Life savings: Nearly a quarter of all money stolen by fraudsters involved cases where victims lost more than £85,000, according to figures from last year

The regulator has already been forced by the banks to make a U-turn with regard to the limit. In September 2022, it did not propose a maximum cap but was pressured to back down after resistance from payment companies.

The £415,000 limit was proposed in August 2023. PSR said about 99.98 percent of victims would fall within the limit and therefore be protected. Those who have lost more than the cap will still be compensated up to this level and must accept losses above that.

“We believe that a limit of £415,000 strikes a balance between protecting and compensating almost all consumers and protecting PSPs (payment service providers) from very large frauds that could affect their financial viability,” the report said.

‘This should continue to incentivize PSPs to improve and enforce anti-fraud measures across all values.’

Fraud rates at smaller banks and payment companies are typically much higher than at traditional banks, the regulator warned last year.

Ten of these smaller companies were in the top 20 biggest recipients of fraud money in Britain. This means criminals use these platforms to create accounts and receive the proceeds of crime or as a way to move cash.

Consumer groups and charities supporting victims say they have been excluded from talks with City Minister Ben Afolami (pictured)

Consumer groups and charities supporting victims say they have been excluded from talks with City Minister Ben Afolami (pictured)

A PSR report published in November revealed dramatic variation in the willingness of different banks to reimburse victims. The best companies covered as much as 91 percent of the money lost, while the worst only covered 10 percent.

The number of reported scams linked to authorized push payment (APP) fraud – where payments are sent under false pretenses – increased by 12 per cent to 232,429 in 2023, according to figures from UK Finance published today.

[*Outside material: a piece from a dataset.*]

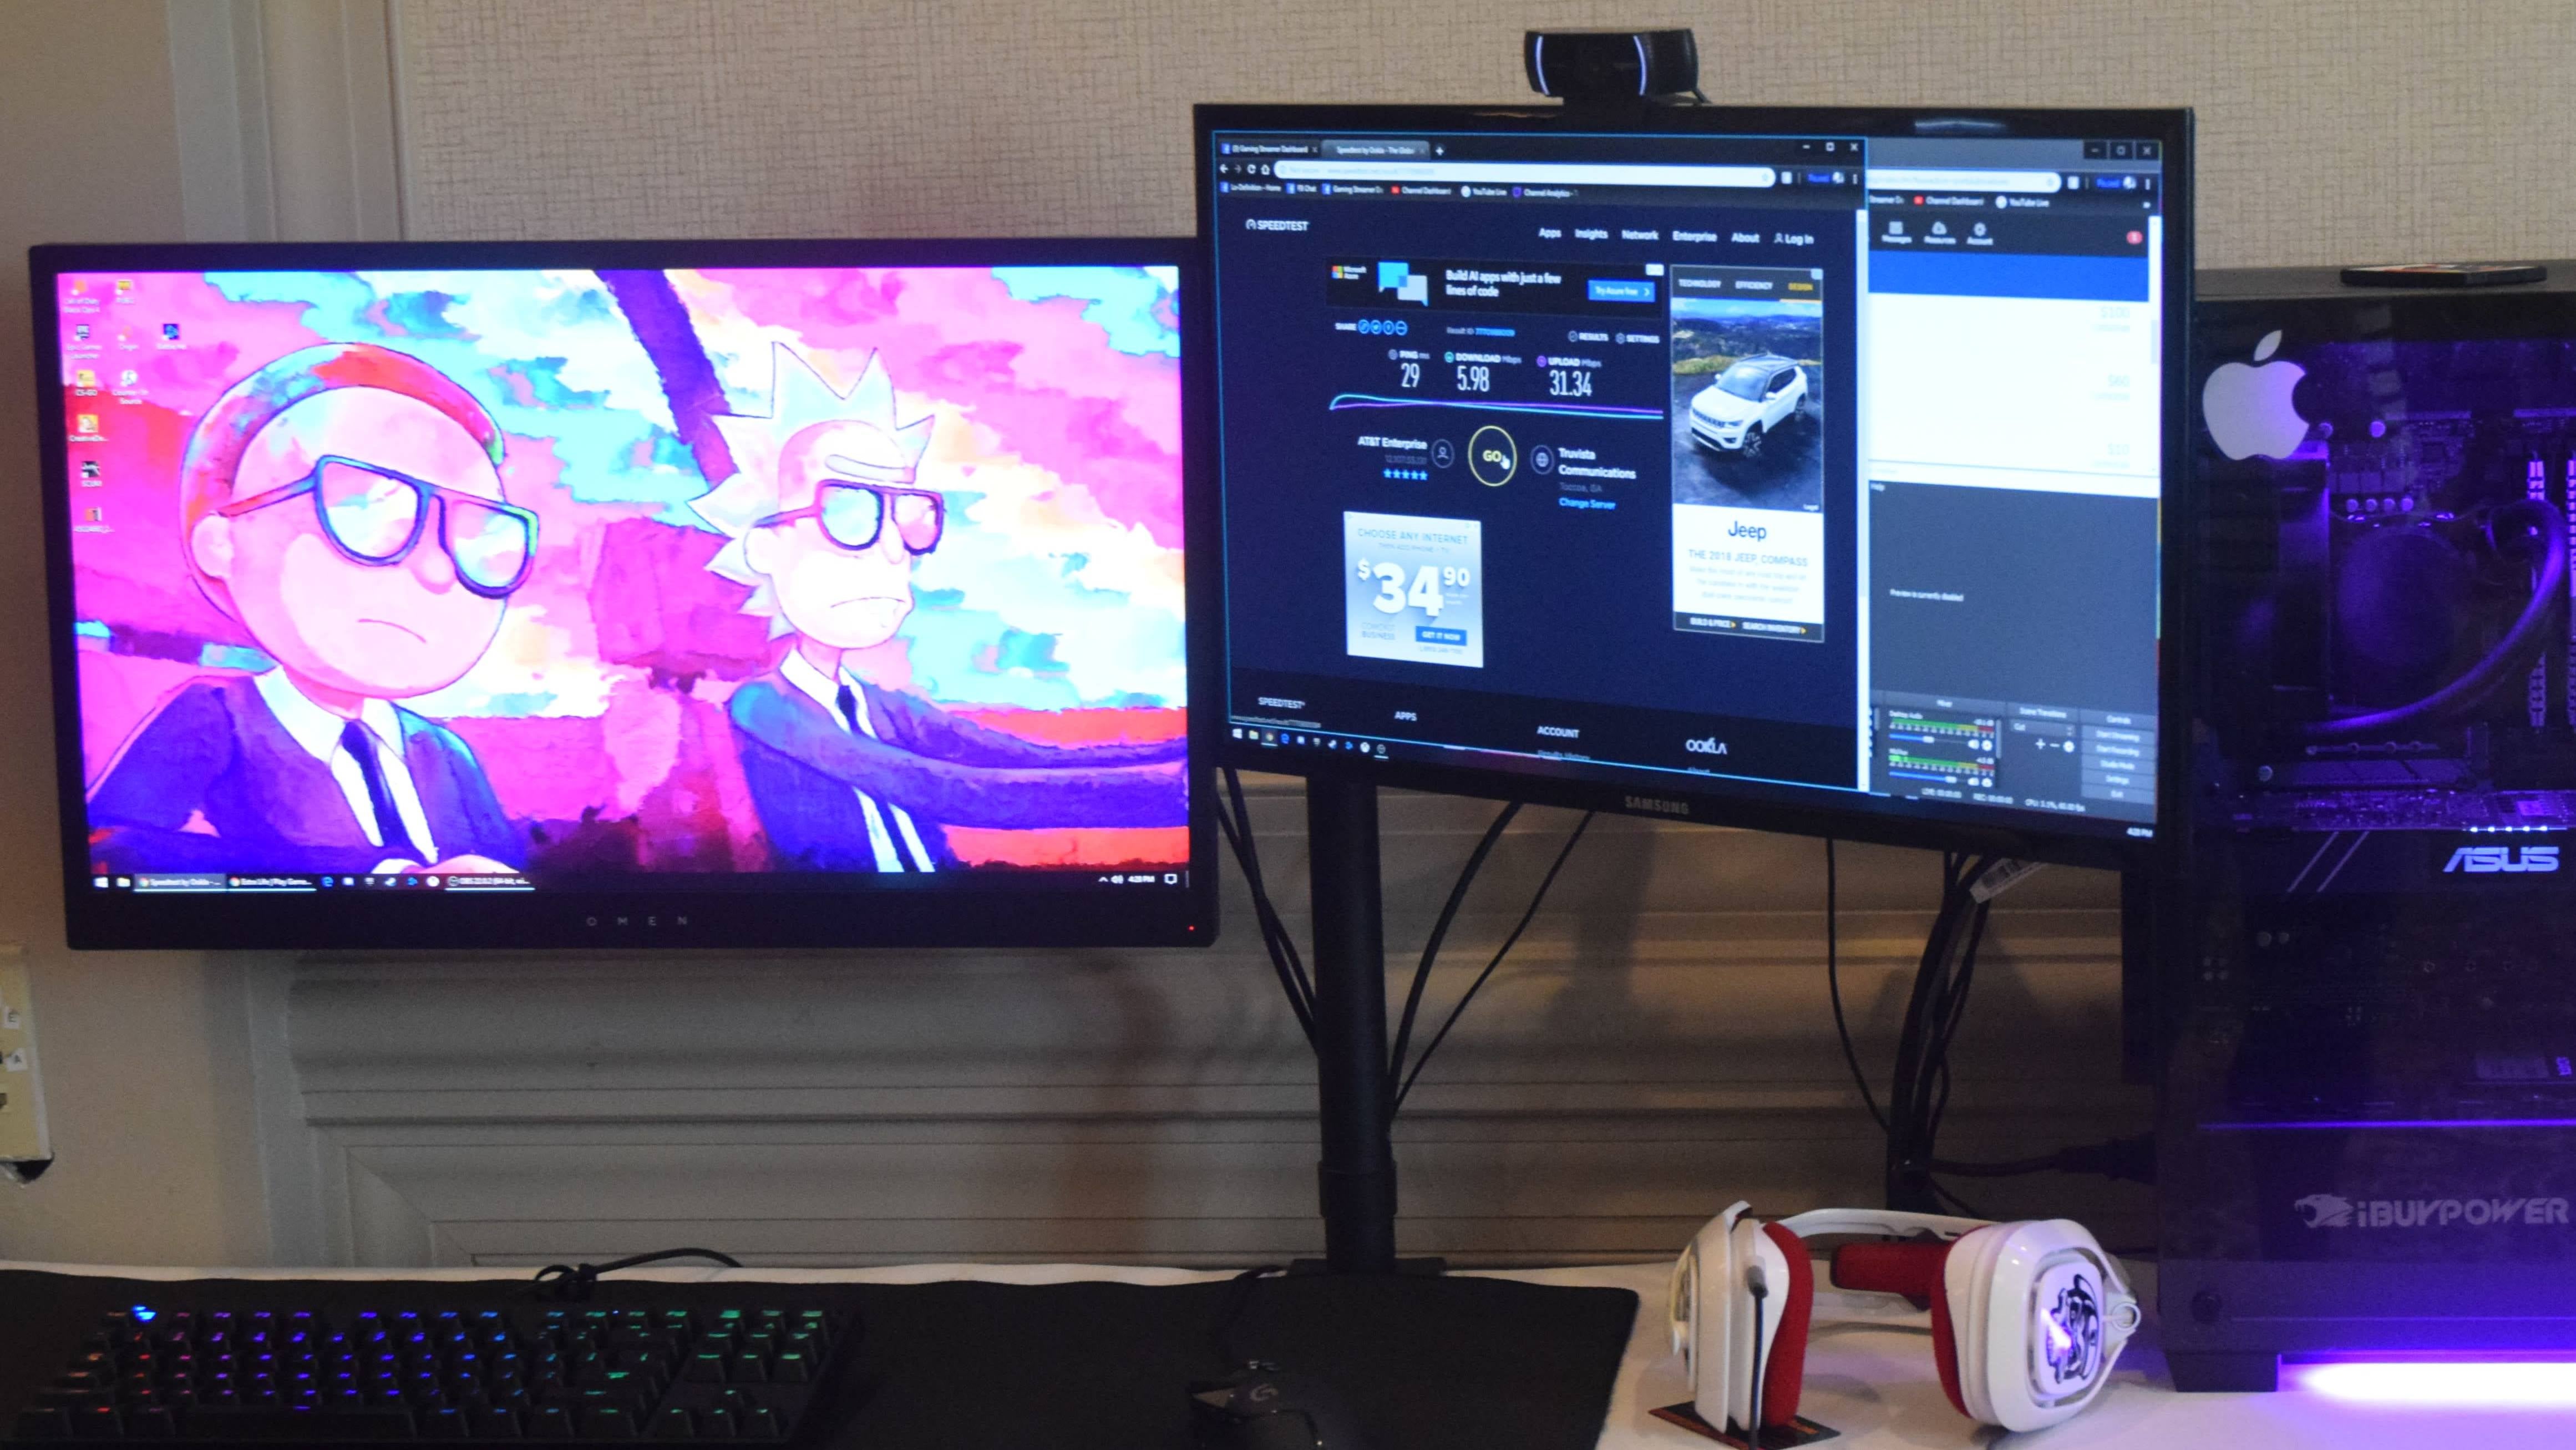 How Do You Extend Your Display Across Two Monitors?

In total, £459.7 million was lost last year, a decrease of 5 percent on the previous year.

Criminals are increasingly tempting online shoppers into so-called purchasing fraud, in which someone pays in advance for goods or services that never arrive. The number of successful attacks rose by 34 percent to 156,000 – the highest total ever recorded.

The amount lost to these types of scams rose by 28 percent last year to £85.9 million.

The number of reported romance scams has also soared, up 14 per cent last year compared to 2022. Victims lost a total of £36.5 million – up 17 per cent year-on-year.

Mr Stevens says victims of romance scams often lose large sums of money spread over a number of smaller payments. Many could therefore be left significantly out of pocket if the limit is £30,000.

Commenting on the industry’s meeting with the Government, a PSR spokesperson said: ‘We remain confident this is the right approach, going further than ever before to protect consumers and shift the focus of all businesses to strengthening their anti-fraud systems. .’

A Treasury spokesman said: ‘It is important that victims of fraud are compensated. While the PSR is responsible for the new rules, the government is aware of the serious concerns raised by the industry and we encourage the PSR to join in.”